While the opening of an oat milk operation may well be good news and even a source of local pride, it won’t remedy the fact that Cumberland County has the lowest per capita income in the state or that it has an unemployment rate that, at roughly 9 percent, outstrips both the state and national average. While it’s likely that a majority of the 40 employees at the new facility will be hired locally and may be decently paid, those jobs won’t extend health care coverage to the 11 percent of county residents who are uninsured.

None of those dynamics are unique to South Jersey: Manufacturing just isn’t what it used to be. A study from the University of California at Berkeley in 2016 found that a third of production workers in the United States have to rely on public assistance programs like the Supplemental Nutrition Assistance Program and the Earned Income Tax Credit, and temporary labor accounts for a growing share of factory work. That’s in large part thanks to decades of attacks on organized labor. Accordingly, Oatly employees won’t benefit from the kind of representation provided by the mighty Glass Bottle Blowers Association.
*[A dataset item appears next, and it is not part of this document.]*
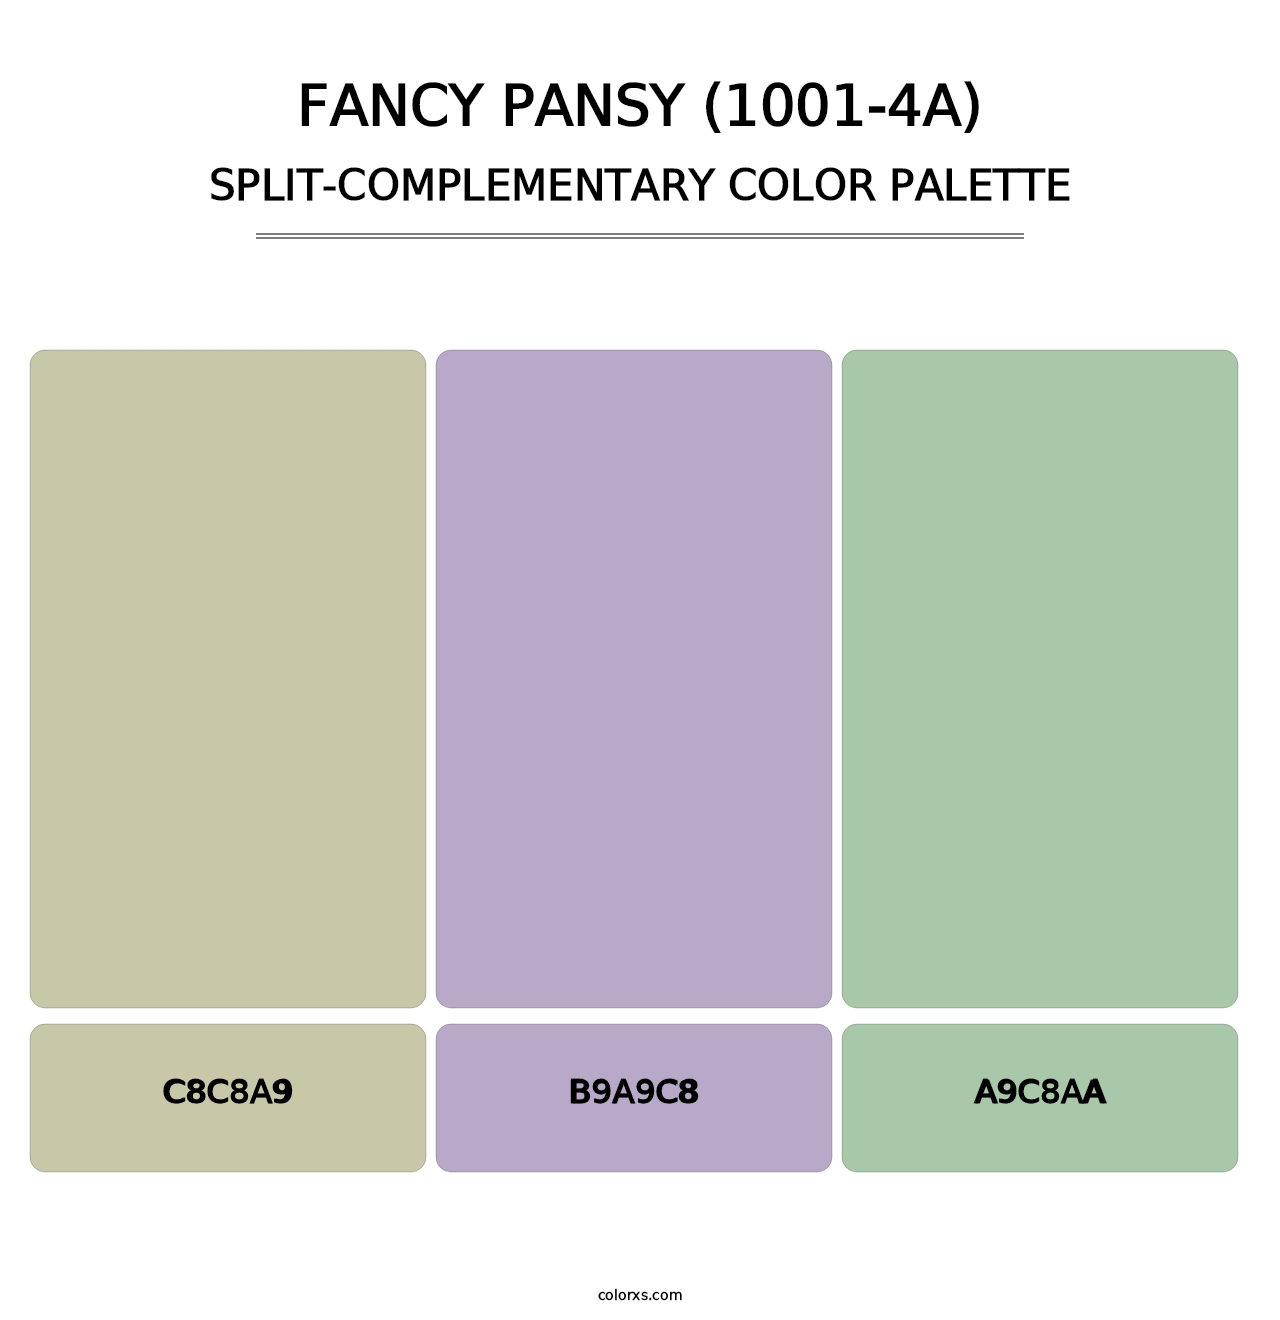 Fancy Pansy (1001-4A) - Split-Complementary Color Palette

Oatly, in other words, may be about as good for your health as green factories are for the unemployment rate: There’s some genuine good news backing up all that boosterish P.R. But neither of them, obviously, is some kind of panacea for the dense network of problems affecting the climate, economy, and food production.

Without question, the U.S. needs the state to support the growth of low-carbon sectors. Even the greenest of industries that may establish factories thanks to government support, though, will likely feature fewer people making less money and with less say over how their workplace is run than in the golden age of American manufacturing. To avert the climate crisis, the U.S. should probably be making more solar panels and batteries and (yes) oat milk; ideally more of those factories will be unionized. To make a good society, though, it’ll have to ensure that whether people can put food on the table or get health care doesn’t depend on the companies that produce them. And, crucially, it will have to think beyond manufacturing when it imagines what green jobs might look like.